The mining industry, like many other natural resource sectors, requires a large-scale use of automation at various levels and degrees.  Although automation is quite advanced in drilling, hauling and process control, there is still a large potential to automate processes within the laboratories.  Virtually most future ore reserves are linked to lower grades, harder and deeper ores, complex mineralogy, and rising cost associated with water, power, sustainability, larger plants and other challenges.  High capacity, 24/7 automated labs are critical for early and continuous, large-scale geo-metallurgical profiling of new ore bodies.  This, in turn, is a priority requirement for avoiding costly delays in start- or ramp-up.  For existing operations, the change to automation can optimize mining, ore routing, comminution, flotation, leaching, and contribute to lower operating costs and higher recoveries.

As ore routing, processing and optimal final products are inevitably governed by fast, high-quality, high-throughput, and 24/7 analytical data, state-of-the-art automated laboratory facilities constitute the center of cost-effective plant operations.  As such, lab automation (via upgrading of existing facilities, expansions, modular lab segments, new installations or central laboratories) is an imperative priority for competitive mining in the near future.      

Concept

HERZOG’s Automation Team can provide you with a tailored concept and layout suitable for a specific mine site, multiple different mines or a central laboratory serving an entire mining region.  In addition, HERZOG can design your laboratory needs in an underground operation. HERZOG Automation Technology covers your entire mine and plant requirements in regard to sample preparation and interfacing with analysis:

  • Exploration & Mine Geology (drill core, drill cuttings, blast holes, bulk ore samples)
  • Geo-Metallurgy (mineralogical, chemical, metallurgical samples)
  • Plant & Process (mill feeds, flotation products, leach feeds/residues, slags, mattes, cathodes)
  • Environmental (soil, overburden, AMD samples, others)

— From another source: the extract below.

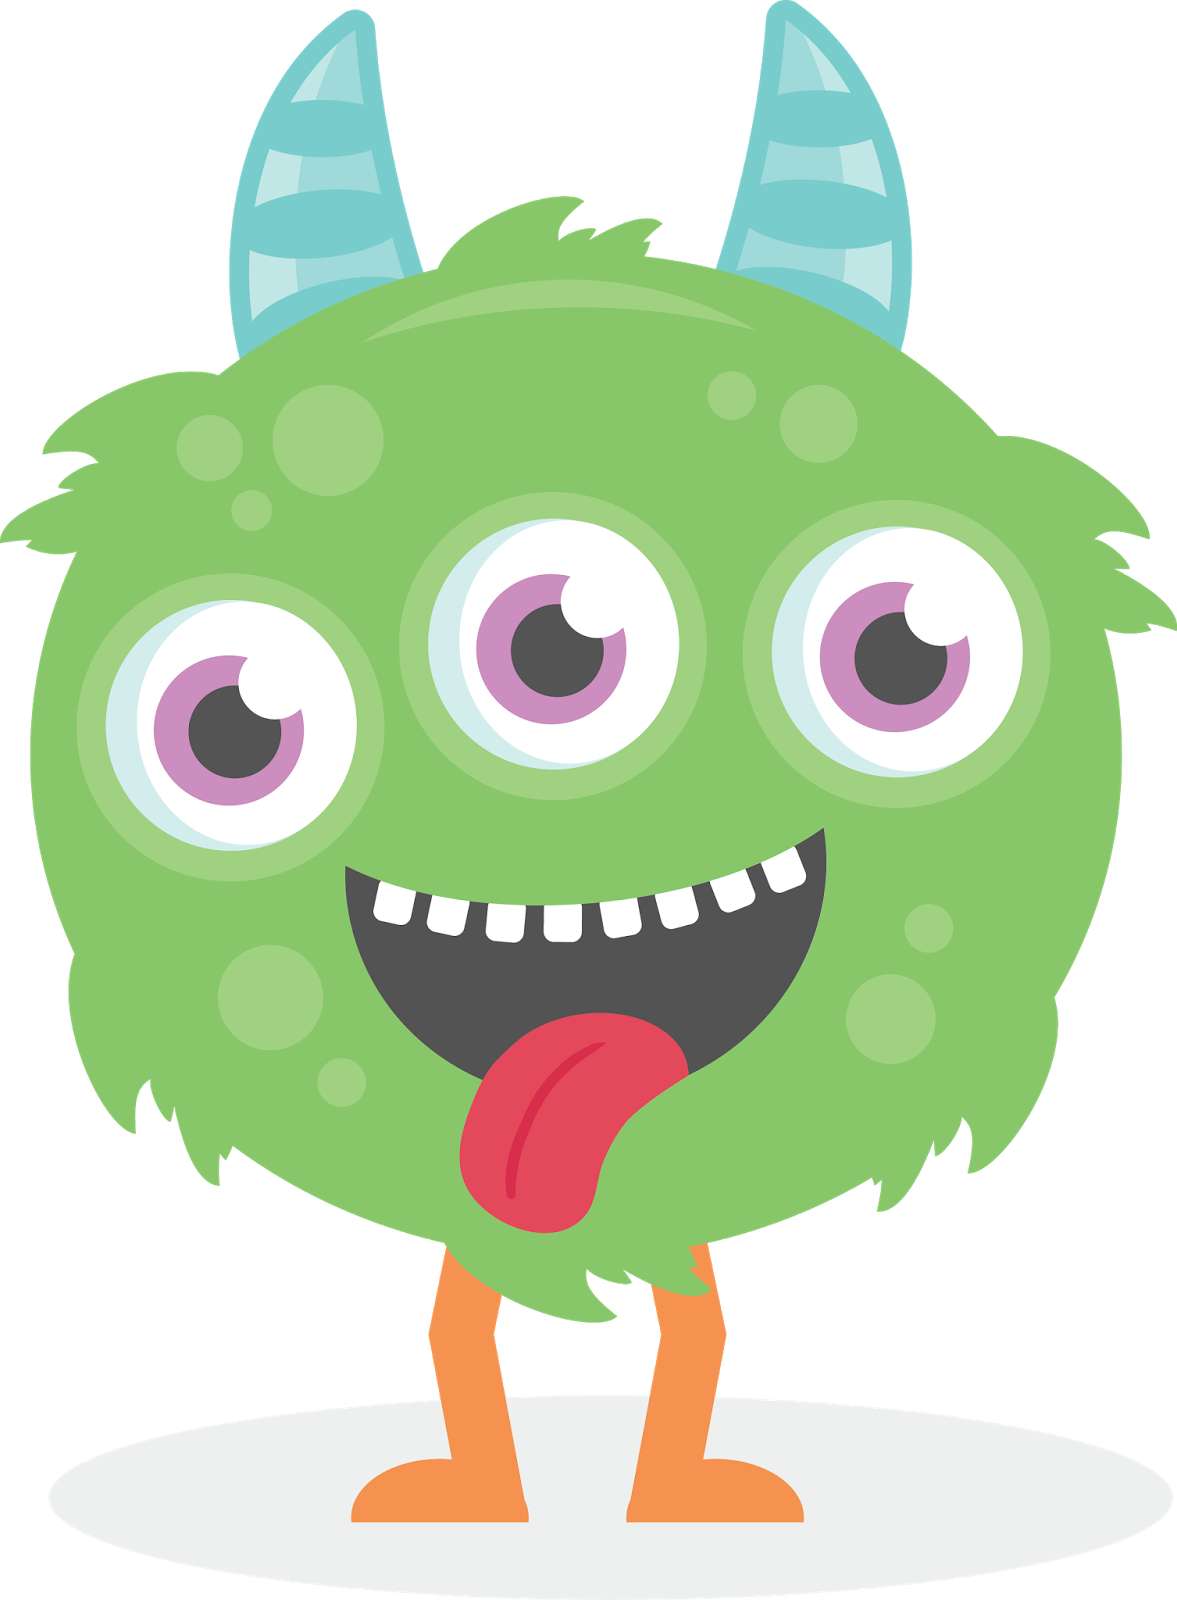 Zoo fun miss kate. Monster clipart five eyed

Laboratories for the mining industry

HERZOG is looking back on longstanding and worldwide activities in the mining industry. In recent decades we have successfully installed numerous large and smaller automations. We are proud to be the partner of the leading mining and engineering companies. This cooperation helps us to constantly improve our technology for better fulfillment of our customers’ needs.

HERZOG has delivered some of the most innovative and extensive  laboratory systems worldwide such as:

  • The largest automation project in the world to Anglo Platinum (South Africa)
  • The largest robotic sample preparation in the world for copper to Freeport-McMoRan (USA)
  • The largest fully automated iron ore laboratory in the world to BHP Billiton (Australia)

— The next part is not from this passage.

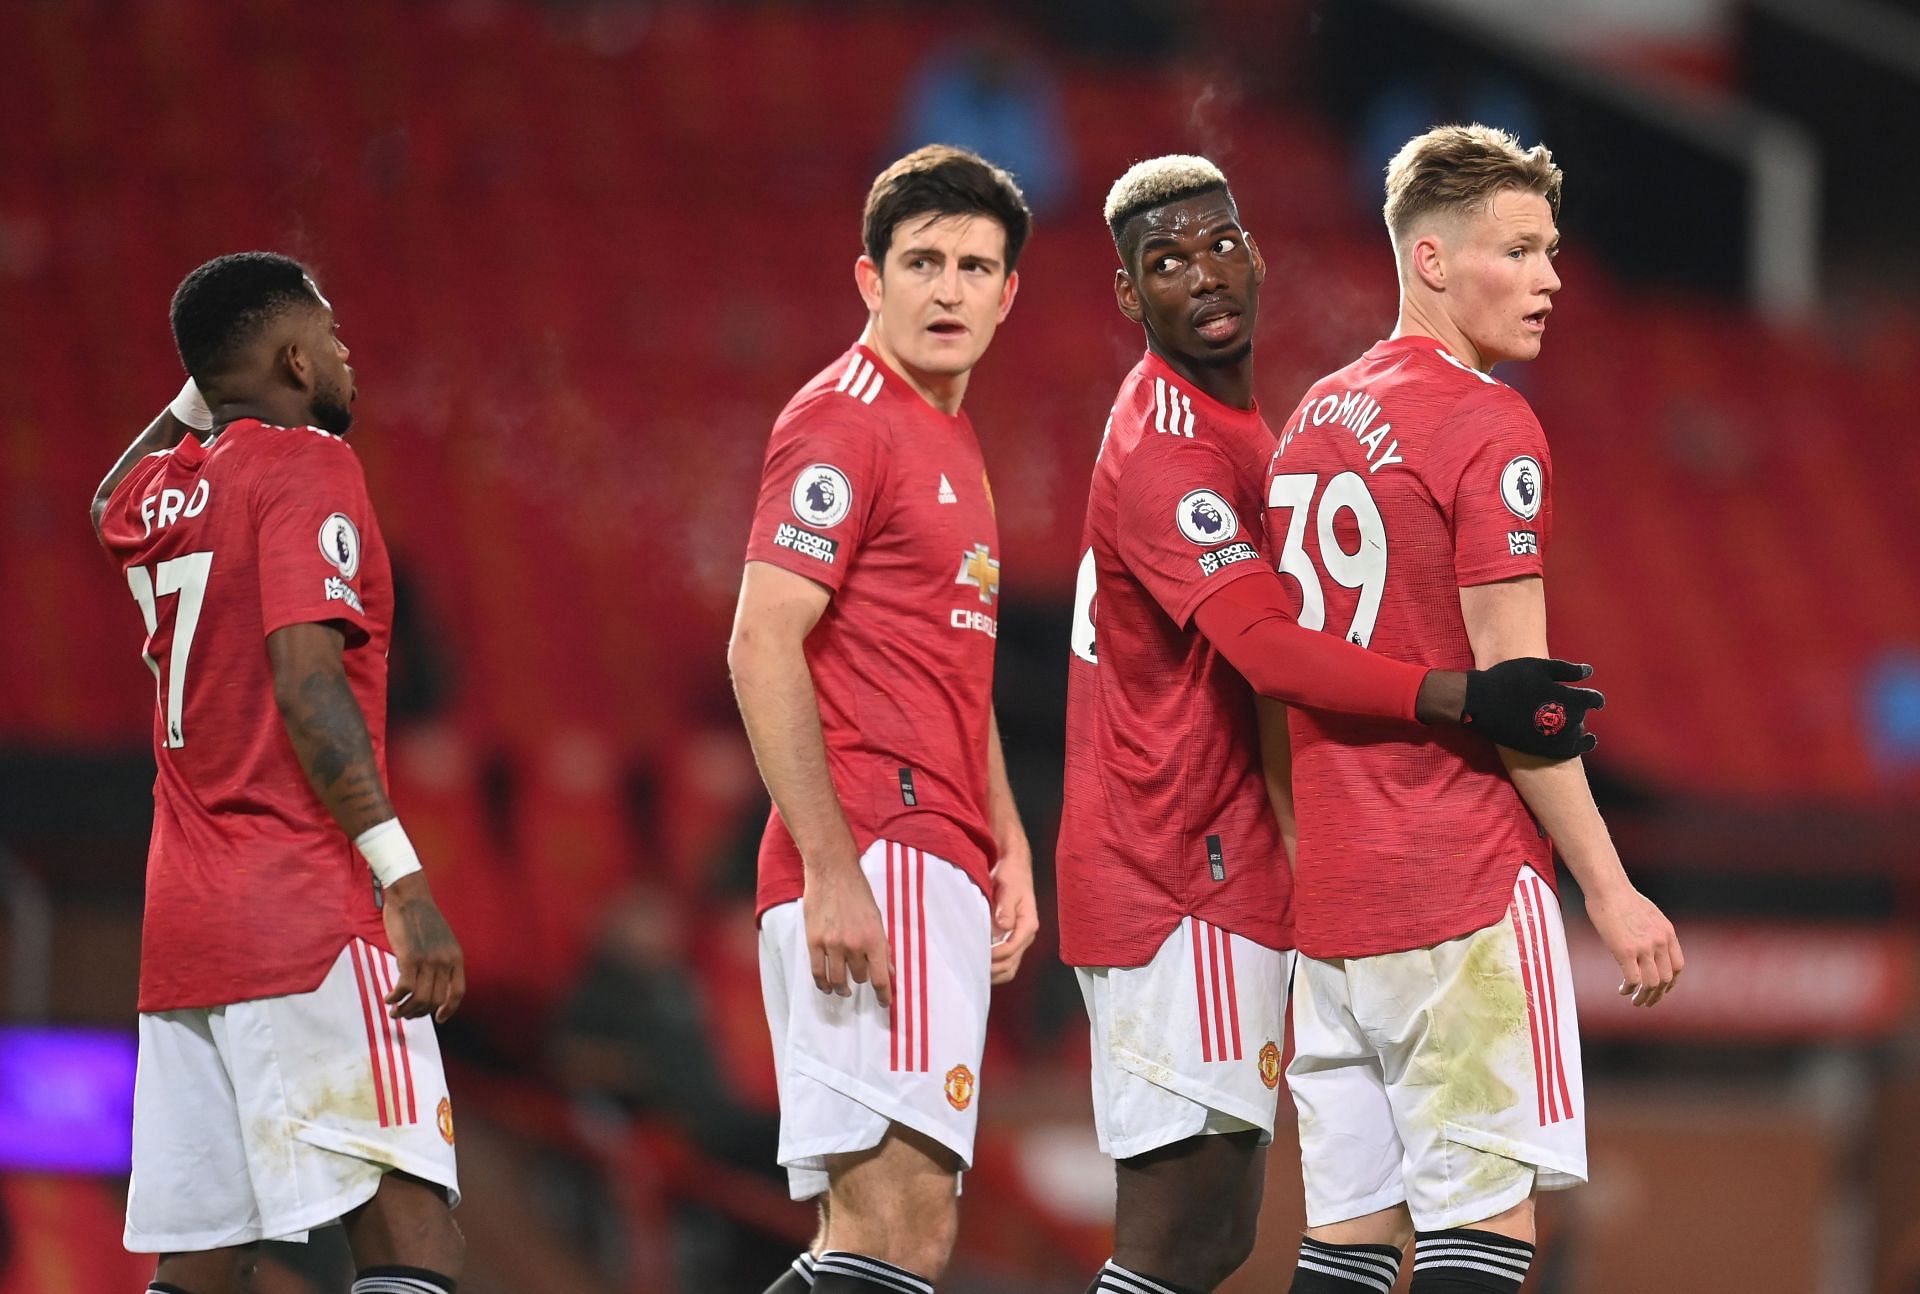 Manchester United have failed to impress in the Premier League this season

    HERZOG has recourse to large expertise in the mining industry. Our experienced team is composed of mechanical and software engineers as well as geologists and chemists. Furthermore, HERZOG has a close strategic cooperation with IMP, a company with longstanding experience and expertise in the mining industry and operations in Australia, South Africa, Canada, USA and Brazil. Since 20 years HERZOG and IMP have successfully managed more than 100 large-scale mining projects.

    Iron ore laboratories

    HERZOG Mining offers fully automated sample preparation and analysis facility for many hundred samples per day. The fully automated systems are designed to process geochemical mining and pit control samples, metallurgical control samples as well as geochemical exploration samples. Depending on application, different sample preparation steps can be integrated in the laboratory.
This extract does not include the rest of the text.